## WORK INSTRUCTIONS
Up to and including the line with "個人撮影 自慰の極意 Vol.2 自慰 ゲイアダルトビデオ紹介 75画像 50", please set down the entries below exactly, starting from the first line.
········
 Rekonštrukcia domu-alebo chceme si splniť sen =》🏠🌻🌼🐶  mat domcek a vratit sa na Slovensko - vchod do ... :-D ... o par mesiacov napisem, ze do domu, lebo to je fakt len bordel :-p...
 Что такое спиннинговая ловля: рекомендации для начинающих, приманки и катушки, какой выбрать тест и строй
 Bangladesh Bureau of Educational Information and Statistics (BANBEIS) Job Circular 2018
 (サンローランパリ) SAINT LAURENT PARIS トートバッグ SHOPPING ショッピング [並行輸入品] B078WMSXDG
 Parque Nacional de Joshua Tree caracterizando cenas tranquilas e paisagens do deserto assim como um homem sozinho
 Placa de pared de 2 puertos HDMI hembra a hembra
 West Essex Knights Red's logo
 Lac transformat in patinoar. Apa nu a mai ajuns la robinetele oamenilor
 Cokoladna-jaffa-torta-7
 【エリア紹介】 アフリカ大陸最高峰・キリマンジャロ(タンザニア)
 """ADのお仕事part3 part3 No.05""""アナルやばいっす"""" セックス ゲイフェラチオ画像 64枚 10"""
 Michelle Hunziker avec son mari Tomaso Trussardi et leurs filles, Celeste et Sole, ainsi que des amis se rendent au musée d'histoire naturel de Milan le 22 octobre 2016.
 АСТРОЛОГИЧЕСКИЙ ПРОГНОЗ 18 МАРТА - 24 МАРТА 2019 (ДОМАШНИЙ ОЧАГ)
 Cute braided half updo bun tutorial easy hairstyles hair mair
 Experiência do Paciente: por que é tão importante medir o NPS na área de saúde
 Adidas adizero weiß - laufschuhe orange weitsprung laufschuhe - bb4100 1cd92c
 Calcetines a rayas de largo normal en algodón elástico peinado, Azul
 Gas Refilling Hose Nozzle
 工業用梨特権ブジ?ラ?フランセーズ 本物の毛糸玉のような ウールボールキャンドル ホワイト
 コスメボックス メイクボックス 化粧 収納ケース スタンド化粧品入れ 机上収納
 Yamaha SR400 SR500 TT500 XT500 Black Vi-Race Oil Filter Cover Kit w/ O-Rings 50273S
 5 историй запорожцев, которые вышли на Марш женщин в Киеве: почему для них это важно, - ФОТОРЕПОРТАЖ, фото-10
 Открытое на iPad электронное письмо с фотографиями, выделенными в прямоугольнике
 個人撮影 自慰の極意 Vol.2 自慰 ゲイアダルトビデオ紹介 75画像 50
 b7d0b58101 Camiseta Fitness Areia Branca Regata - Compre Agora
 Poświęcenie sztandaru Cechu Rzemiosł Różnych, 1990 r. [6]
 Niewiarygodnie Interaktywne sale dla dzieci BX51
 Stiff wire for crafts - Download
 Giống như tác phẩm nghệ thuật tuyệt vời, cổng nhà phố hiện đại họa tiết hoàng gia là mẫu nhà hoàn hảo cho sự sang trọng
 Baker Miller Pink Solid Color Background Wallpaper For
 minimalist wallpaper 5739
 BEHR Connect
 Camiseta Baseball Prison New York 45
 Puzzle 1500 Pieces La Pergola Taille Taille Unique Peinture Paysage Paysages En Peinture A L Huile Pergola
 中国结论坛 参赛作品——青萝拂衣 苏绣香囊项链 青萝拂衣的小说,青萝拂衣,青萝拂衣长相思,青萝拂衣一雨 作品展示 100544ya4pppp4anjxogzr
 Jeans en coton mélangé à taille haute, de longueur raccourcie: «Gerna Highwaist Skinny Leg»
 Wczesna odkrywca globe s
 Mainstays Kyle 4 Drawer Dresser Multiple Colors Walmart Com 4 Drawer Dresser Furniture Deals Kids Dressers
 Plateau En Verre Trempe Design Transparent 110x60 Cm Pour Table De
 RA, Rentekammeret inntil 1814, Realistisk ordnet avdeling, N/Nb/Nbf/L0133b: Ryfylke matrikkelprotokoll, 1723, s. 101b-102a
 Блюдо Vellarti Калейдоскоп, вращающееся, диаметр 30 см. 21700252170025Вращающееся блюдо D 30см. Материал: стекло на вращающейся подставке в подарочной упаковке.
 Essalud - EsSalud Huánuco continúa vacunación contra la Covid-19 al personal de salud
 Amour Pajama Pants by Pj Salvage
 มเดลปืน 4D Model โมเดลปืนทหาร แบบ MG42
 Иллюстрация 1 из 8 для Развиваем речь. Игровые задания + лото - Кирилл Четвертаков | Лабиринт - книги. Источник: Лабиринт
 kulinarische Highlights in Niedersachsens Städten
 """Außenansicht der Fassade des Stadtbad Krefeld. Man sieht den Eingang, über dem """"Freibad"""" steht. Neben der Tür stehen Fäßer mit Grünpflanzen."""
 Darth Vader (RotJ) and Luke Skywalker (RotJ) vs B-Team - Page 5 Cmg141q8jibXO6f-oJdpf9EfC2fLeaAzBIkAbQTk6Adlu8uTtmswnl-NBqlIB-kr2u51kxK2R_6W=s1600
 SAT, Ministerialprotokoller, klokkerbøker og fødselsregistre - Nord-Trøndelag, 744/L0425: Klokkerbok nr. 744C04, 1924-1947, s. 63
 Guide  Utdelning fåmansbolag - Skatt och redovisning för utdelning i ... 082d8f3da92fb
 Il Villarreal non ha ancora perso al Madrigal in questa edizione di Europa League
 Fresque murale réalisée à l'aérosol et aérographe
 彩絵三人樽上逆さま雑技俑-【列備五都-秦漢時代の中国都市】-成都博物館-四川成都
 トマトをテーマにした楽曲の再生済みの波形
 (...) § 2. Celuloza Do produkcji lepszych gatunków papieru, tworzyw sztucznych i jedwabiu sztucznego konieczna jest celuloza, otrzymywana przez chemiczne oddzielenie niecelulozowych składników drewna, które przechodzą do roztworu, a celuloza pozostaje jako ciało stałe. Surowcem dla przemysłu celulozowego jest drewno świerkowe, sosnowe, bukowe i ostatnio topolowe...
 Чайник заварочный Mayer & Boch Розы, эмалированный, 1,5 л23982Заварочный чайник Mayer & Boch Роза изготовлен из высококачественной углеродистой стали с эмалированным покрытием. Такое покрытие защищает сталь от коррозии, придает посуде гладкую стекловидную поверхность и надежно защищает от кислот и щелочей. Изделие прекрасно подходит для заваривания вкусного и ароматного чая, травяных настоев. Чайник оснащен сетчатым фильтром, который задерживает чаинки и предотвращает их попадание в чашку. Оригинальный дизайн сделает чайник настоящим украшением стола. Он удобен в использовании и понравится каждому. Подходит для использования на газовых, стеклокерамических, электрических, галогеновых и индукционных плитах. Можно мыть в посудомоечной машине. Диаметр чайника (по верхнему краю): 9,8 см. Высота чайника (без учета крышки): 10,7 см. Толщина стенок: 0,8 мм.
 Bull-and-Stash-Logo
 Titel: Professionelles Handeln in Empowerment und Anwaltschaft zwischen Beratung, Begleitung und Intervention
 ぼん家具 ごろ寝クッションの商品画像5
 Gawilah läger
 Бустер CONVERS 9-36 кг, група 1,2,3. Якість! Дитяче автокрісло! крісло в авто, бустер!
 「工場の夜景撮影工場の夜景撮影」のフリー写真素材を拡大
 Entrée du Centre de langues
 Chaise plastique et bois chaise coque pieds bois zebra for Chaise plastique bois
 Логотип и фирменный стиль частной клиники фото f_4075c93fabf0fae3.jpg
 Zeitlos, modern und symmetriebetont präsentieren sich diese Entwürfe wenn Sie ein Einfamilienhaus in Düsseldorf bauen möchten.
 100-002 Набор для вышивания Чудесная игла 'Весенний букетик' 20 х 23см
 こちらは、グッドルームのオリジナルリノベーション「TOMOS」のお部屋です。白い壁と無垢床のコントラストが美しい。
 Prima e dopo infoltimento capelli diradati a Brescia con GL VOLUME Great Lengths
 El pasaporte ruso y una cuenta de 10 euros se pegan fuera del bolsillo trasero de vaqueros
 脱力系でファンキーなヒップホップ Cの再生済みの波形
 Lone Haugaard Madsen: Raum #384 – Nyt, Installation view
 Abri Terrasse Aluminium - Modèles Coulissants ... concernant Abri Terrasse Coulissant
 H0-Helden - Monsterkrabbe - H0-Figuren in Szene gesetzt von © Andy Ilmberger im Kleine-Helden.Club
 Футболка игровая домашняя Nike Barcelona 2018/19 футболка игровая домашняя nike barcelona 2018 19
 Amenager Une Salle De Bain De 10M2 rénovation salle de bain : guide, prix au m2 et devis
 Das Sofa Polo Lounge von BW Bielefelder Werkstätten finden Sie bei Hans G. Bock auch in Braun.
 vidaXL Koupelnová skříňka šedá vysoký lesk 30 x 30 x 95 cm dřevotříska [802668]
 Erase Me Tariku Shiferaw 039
········
## RESPONSE AREA
 Rekonštrukcia domu-alebo chceme si splniť sen =》🏠🌻🌼🐶  mat domcek a vratit sa na Slovensko - vchod do ... :-D ... o par mesiacov napisem, ze do domu, lebo to je fakt len bordel :-p...
 Что такое спиннинговая ловля: рекомендации для начинающих, приманки и катушки, какой выбрать тест и строй
 Bangladesh Bureau of Educational Information and Statistics (BANBEIS) Job Circular 2018
 (サンローランパリ) SAINT LAURENT PARIS トートバッグ SHOPPING ショッピング [並行輸入品] B078WMSXDG
 Parque Nacional de Joshua Tree caracterizando cenas tranquilas e paisagens do deserto assim como um homem sozinho
 Placa de pared de 2 puertos HDMI hembra a hembra
 West Essex Knights Red's logo
 Lac transformat in patinoar. Apa nu a mai ajuns la robinetele oamenilor
 Cokoladna-jaffa-torta-7
 【エリア紹介】 アフリカ大陸最高峰・キリマンジャロ(タンザニア)
 """ADのお仕事part3 part3 No.05""""アナルやばいっす"""" セックス ゲイフェラチオ画像 64枚 10"""
 Michelle Hunziker avec son mari Tomaso Trussardi et leurs filles, Celeste et Sole, ainsi que des amis se rendent au musée d'histoire naturel de Milan le 22 octobre 2016.
 АСТРОЛОГИЧЕСКИЙ ПРОГНОЗ 18 МАРТА - 24 МАРТА 2019 (ДОМАШНИЙ ОЧАГ)
 Cute braided half updo bun tutorial easy hairstyles hair mair
 Experiência do Paciente: por que é tão importante medir o NPS na área de saúde
 Adidas adizero weiß - laufschuhe orange weitsprung laufschuhe - bb4100 1cd92c
 Calcetines a rayas de largo normal en algodón elástico peinado, Azul
 Gas Refilling Hose Nozzle
 工業用梨特権ブジ?ラ?フランセーズ 本物の毛糸玉のような ウールボールキャンドル ホワイト
 コスメボックス メイクボックス 化粧 収納ケース スタンド化粧品入れ 机上収納
 Yamaha SR400 SR500 TT500 XT500 Black Vi-Race Oil Filter Cover Kit w/ O-Rings 50273S
 5 историй запорожцев, которые вышли на Марш женщин в Киеве: почему для них это важно, - ФОТОРЕПОРТАЖ, фото-10
 Открытое на iPad электронное письмо с фотографиями, выделенными в прямоугольнике
 個人撮影 自慰の極意 Vol.2 自慰 ゲイアダルトビデオ紹介 75画像 50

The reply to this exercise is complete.